Bilimsel nesnelliğin olabilmesi için insanın yarattığı savdan kendini soyutlaması gerekir, eleştirel düşüncenin olmadığı toplumlardaki sorunlardan bir başkası da budur. Bu tarz toplumlarda düşünceler kimliğin bir parçası olduklarında, eleştiriye de açık olmazlar. Bilimsel ilerleme için böyle bir lüks yoktur. Bilim insanı savlarını kendisinin dışında tutmalıdır. Bu şekilde kendi savını eleştiriye açık bir şekilde inceleyebilir, yanlışlayabilir ve ancak bu şekilde savını yanlışlayıp ortaya daha iyi bir sav ile çıkması mümkün olabilir. Kendi savını yanlışlayabilen bir bilim insanı, üzerinde uğraştığı problemi daha iyi kavrar, savının neden yanlış olduğunu öğrenerek konu hakkındaki bilgi dağarcığını genişletmiş olur ve bu sayede bilimsel ilerlemeyi mümkün kılacak yeni bir başlangıç noktası sağlanmış olur.

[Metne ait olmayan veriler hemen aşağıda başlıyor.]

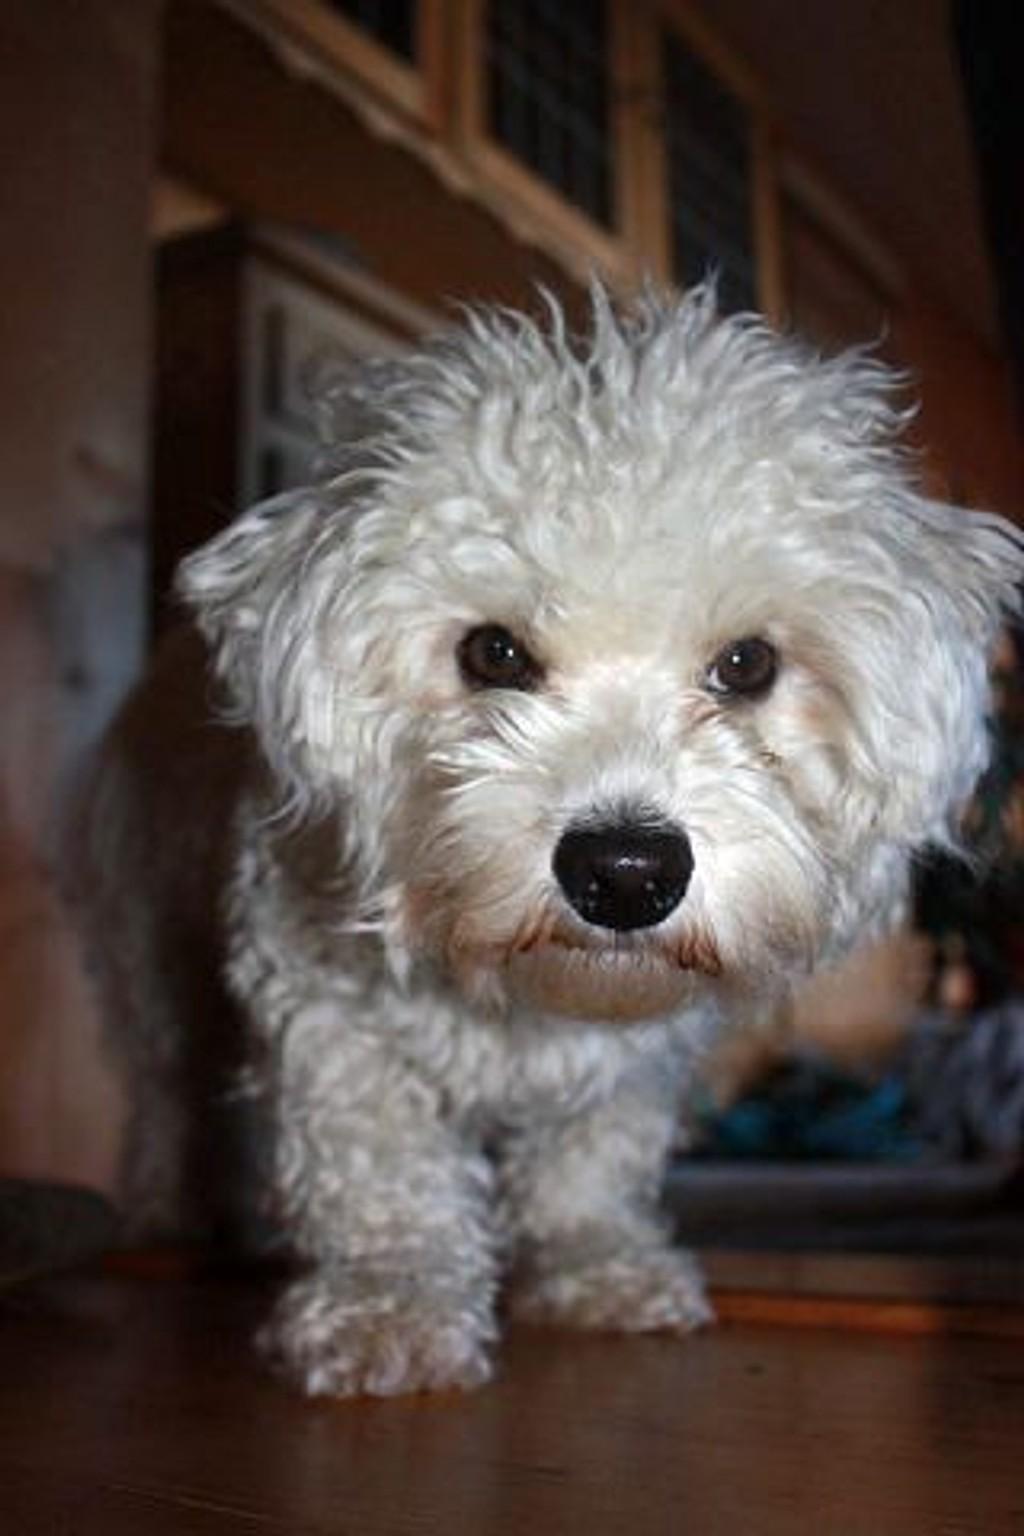 Stewie har vært savnet siden 28. desember.

Eleştirel düşünceden yoksun toplumlarda bilimsel ilerlemeyi engelleyecek bir başka önemli nokta daha vardır. Bu tarz toplumlarda yaşayan bireyler karşılarına çıkan bilgileri sorgulamazlarsa, eleştirel bakmak yerine önlerine çıkan bilgilerin doğru olduğu varsayımına göre hareket ederlerse manipüle edilebilirler, aldatılabilirler. Ortaya koyacakları kuramlarda, başlangıç noktaları sınanmadığından, çürütülmeye çalışılmadığından ortaya çıkacak sonucun da bilimsel ilerlemeye katkı sağlaması olasılık dışıdır çünkü en başta dediğimiz gibi, bilim merakla başlar. Dogmatik bilginin bittiği eleştirinin başladığı noktada da devam eder. Sorunun ne olduğu, neden olduğu ve sorun için ortaya konan çözüm de dahil her şey sorgulanmalıdır ancak bu şekilde bilimsel ilerleme mümkün olabilir. Önceden geliştirilmiş kuramların ötesine ancak bu şekilde geçebiliriz. Bu yazıda anlatmaya çalıştığım gibi eleştirel düşünce, bilimin temel taşlarından biridir. Bu sebeple diyebiliriz ki, eleştirel düşüncenin olmadığı toplumlarda bilimsel ilerleme mümkün değildir.

Yazıyı bilimsel ilerleme için nasıl bir toplumsal yapının olması gerektiğini bundan daha iyi özetleyen bir cümle olmadığını düşündüğümden Karl Popper’ın sarf ettiği bir söz ile bitiriyorum.

Çürütülmeyi ve çürütmeyi kabul etmeyen, bu bilim oyununda yer alamaz.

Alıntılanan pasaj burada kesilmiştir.